→ EXERCISE DIRECTIONS
Reproduce only the lines from the line containing "They are a true" to the end of the entries below, including both of those lines.

Records excerpted from a collection
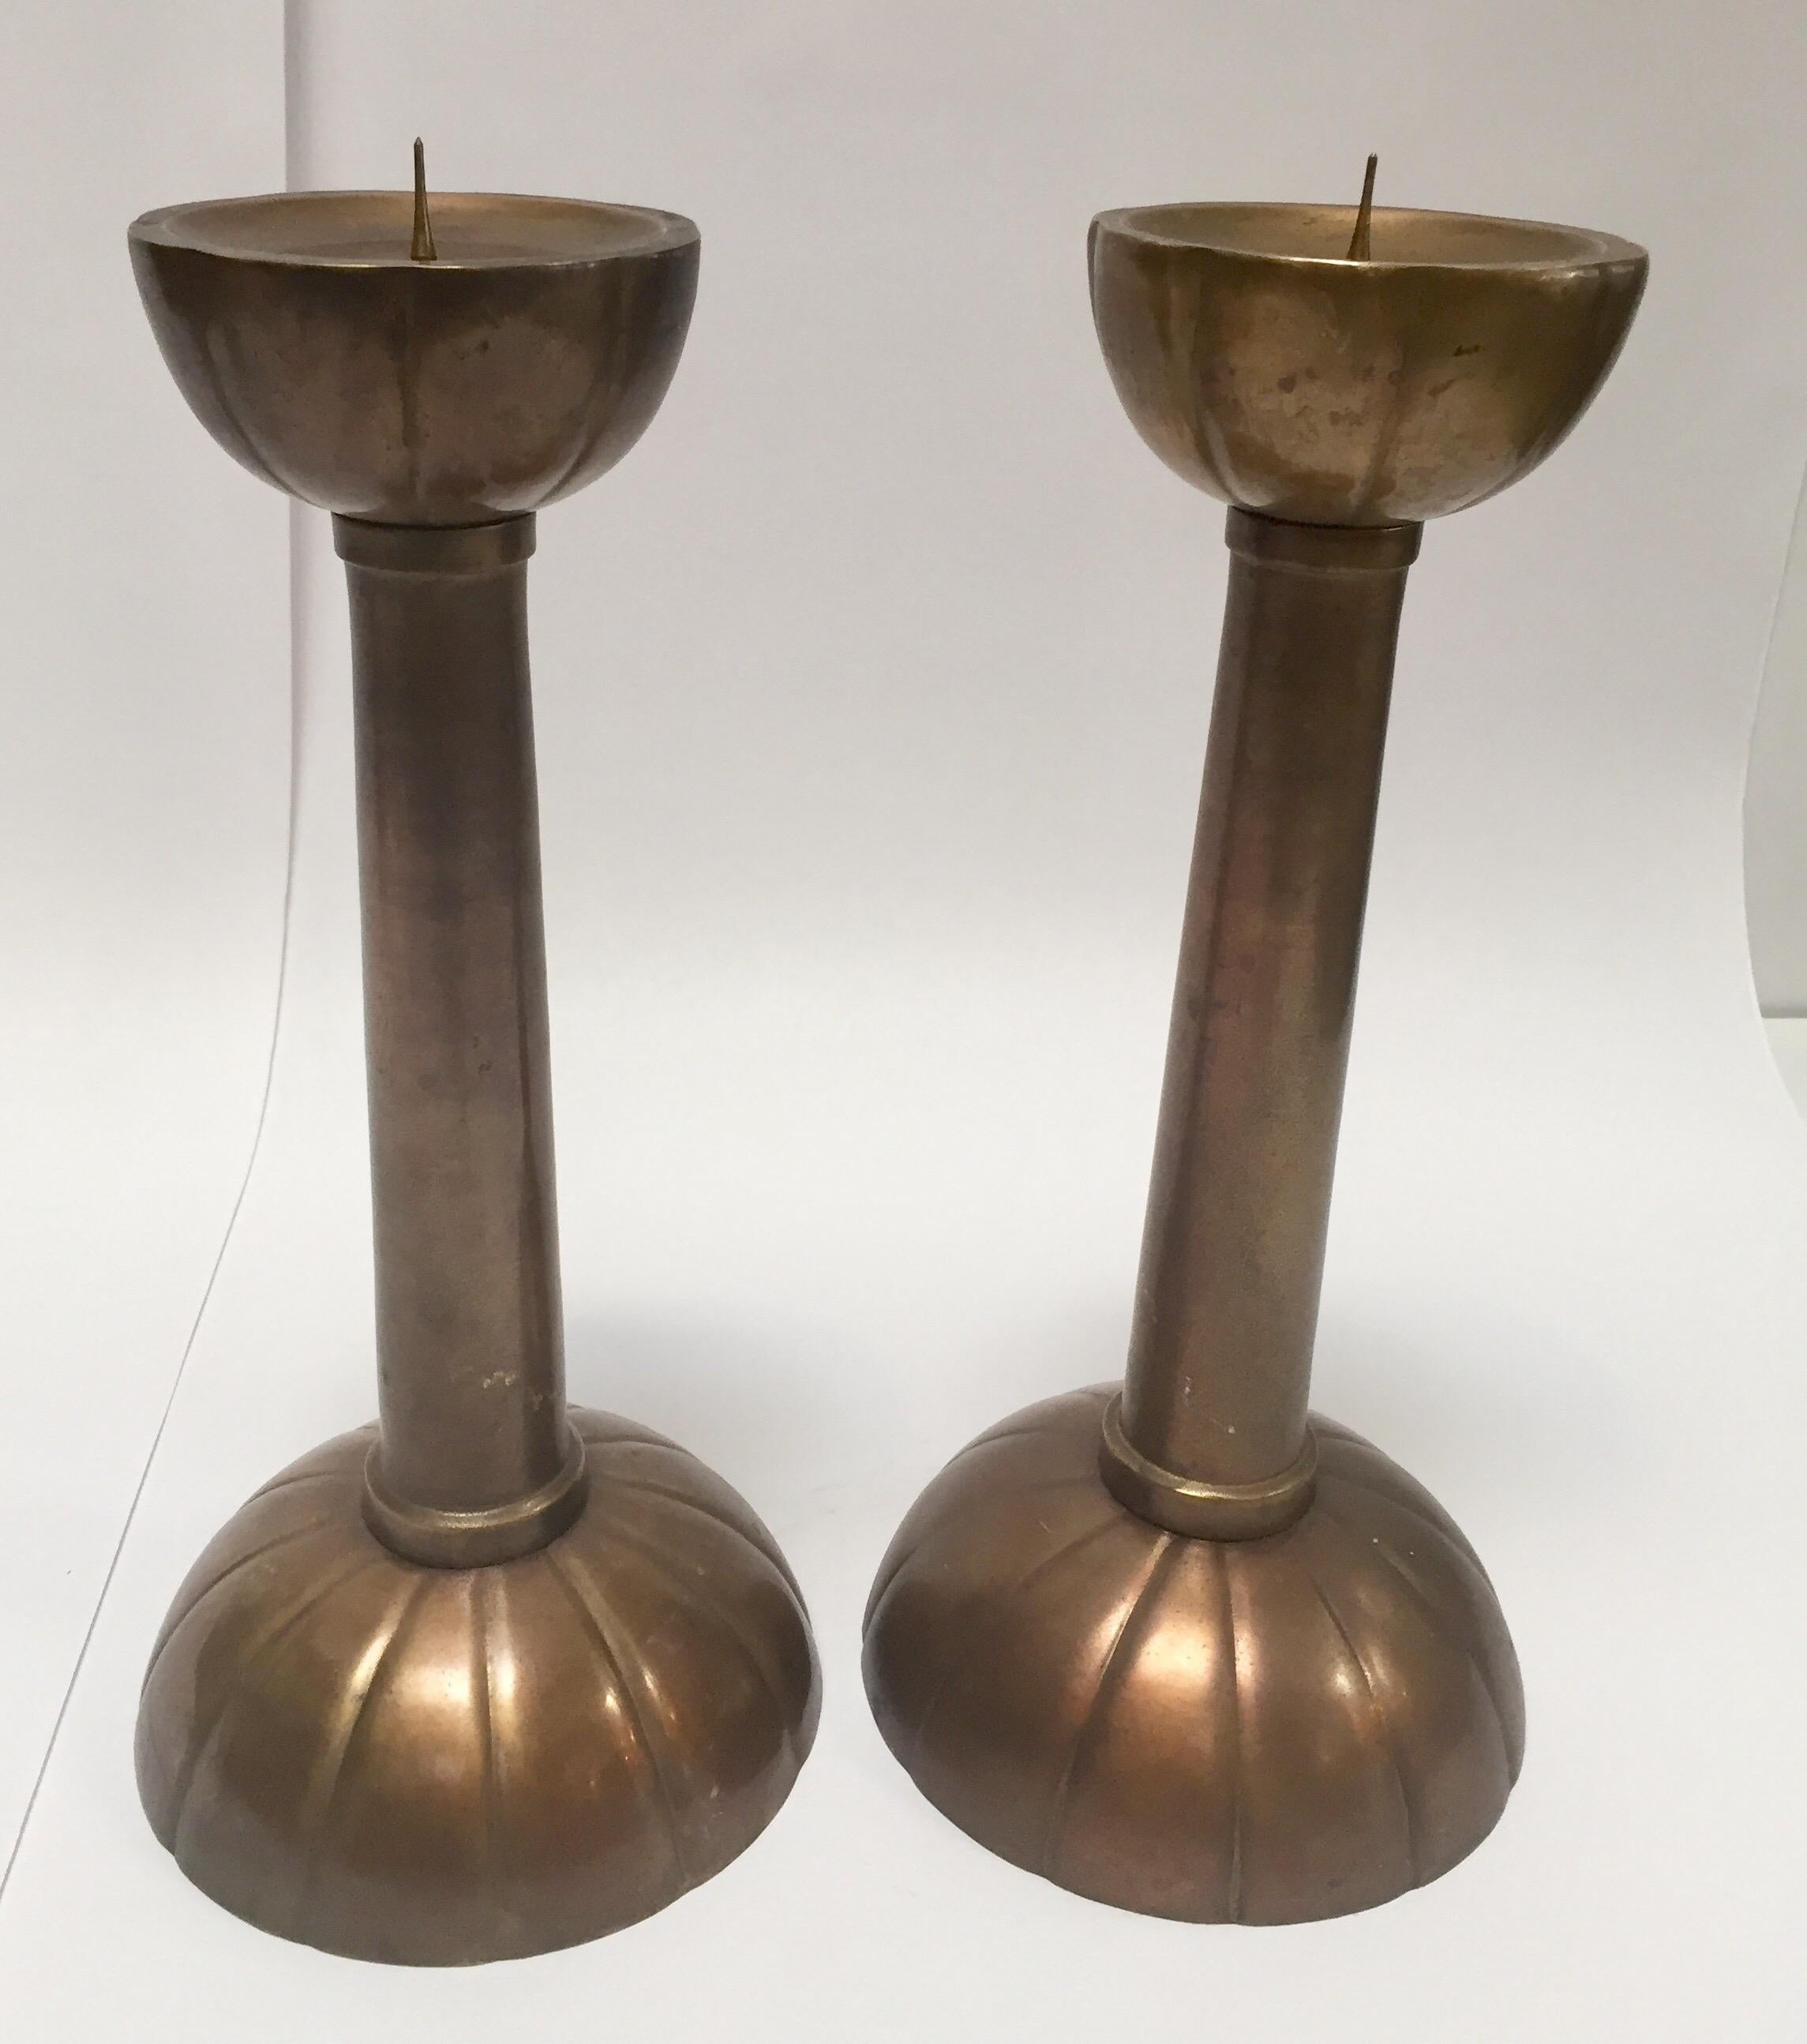 Fabulous pair of large brass candlesticks on a round scalloped base.
Tall form with scalloped base and upper part underneath of the candle prong.
They are a true beauty and will fit any environment.
Cast iron brass, rose color, nice patina.
Mid 20th

→ ANSWER TO THIS PROBLEM
They are a true beauty and will fit any environment.
Cast iron brass, rose color, nice patina.
Mid 20th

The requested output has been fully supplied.